_Instructions to follow_
Give again, word for word, every line in the entries below from the line with "Кофе в зернах" up to and including the line with "11-jam-SO2-bretigny-logements-facade-nord-est-et-coursive", and no other line.

_Records to use_
**********

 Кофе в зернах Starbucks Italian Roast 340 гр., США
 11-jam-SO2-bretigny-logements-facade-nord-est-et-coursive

**********

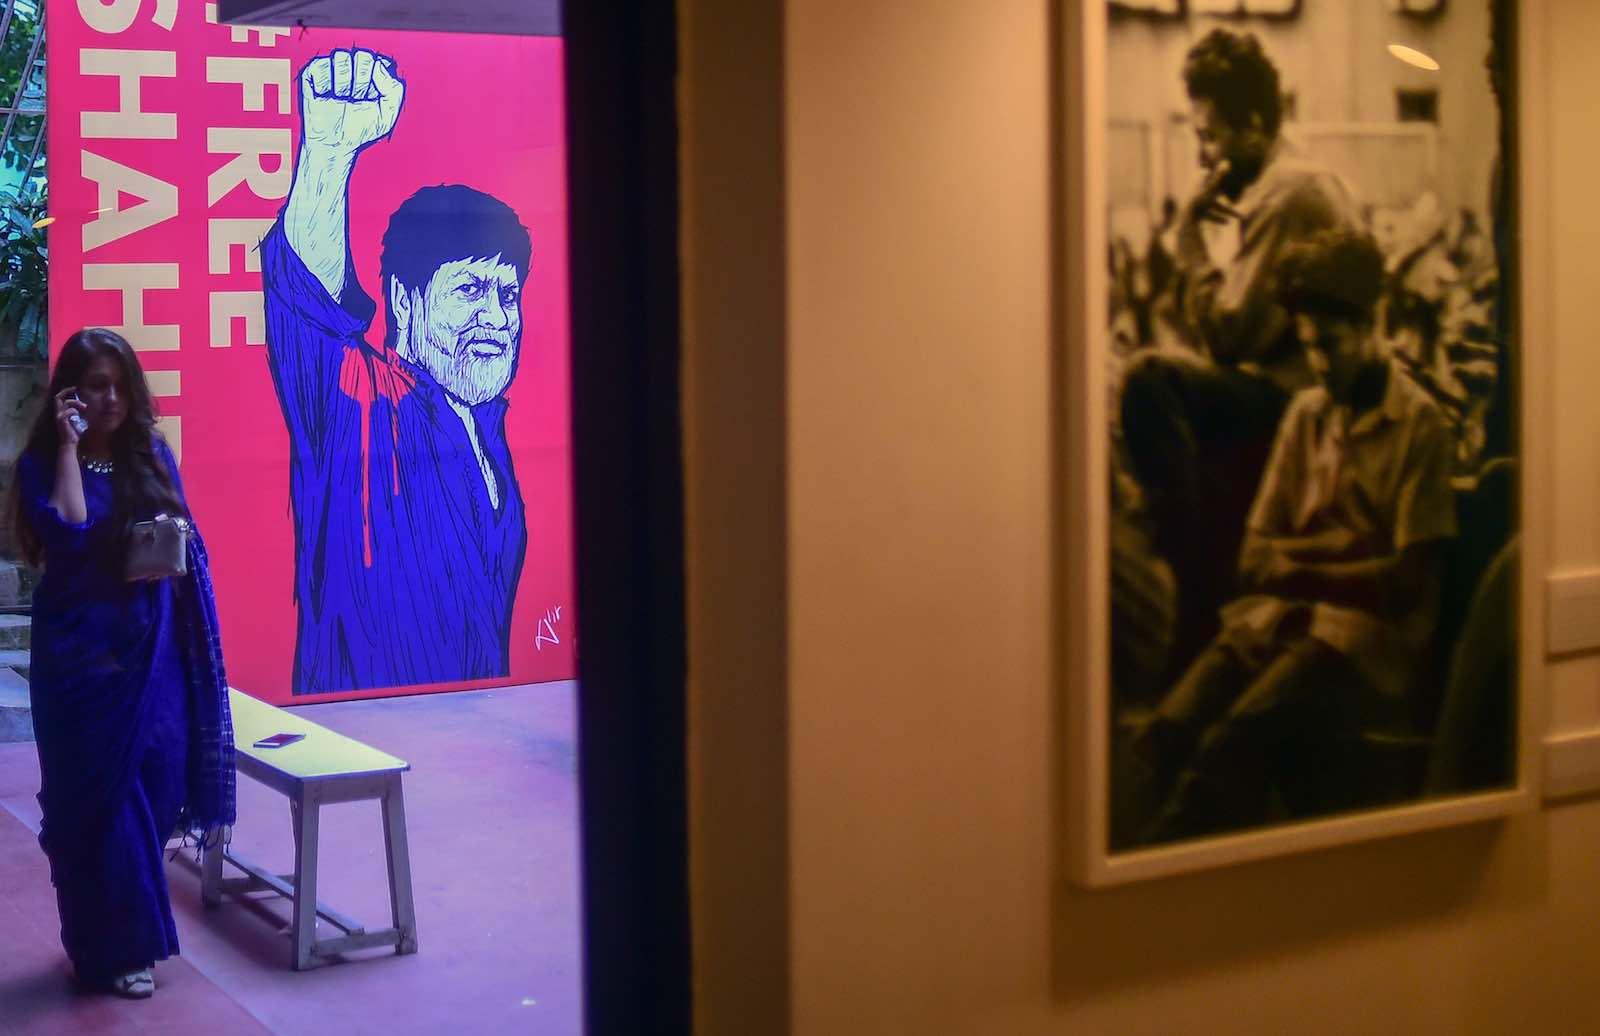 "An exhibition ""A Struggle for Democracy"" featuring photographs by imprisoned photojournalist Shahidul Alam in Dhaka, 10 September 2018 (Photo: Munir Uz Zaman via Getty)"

**********

_Solution to the problem_
 Кофе в зернах Starbucks Italian Roast 340 гр., США
 11-jam-SO2-bretigny-logements-facade-nord-est-et-coursive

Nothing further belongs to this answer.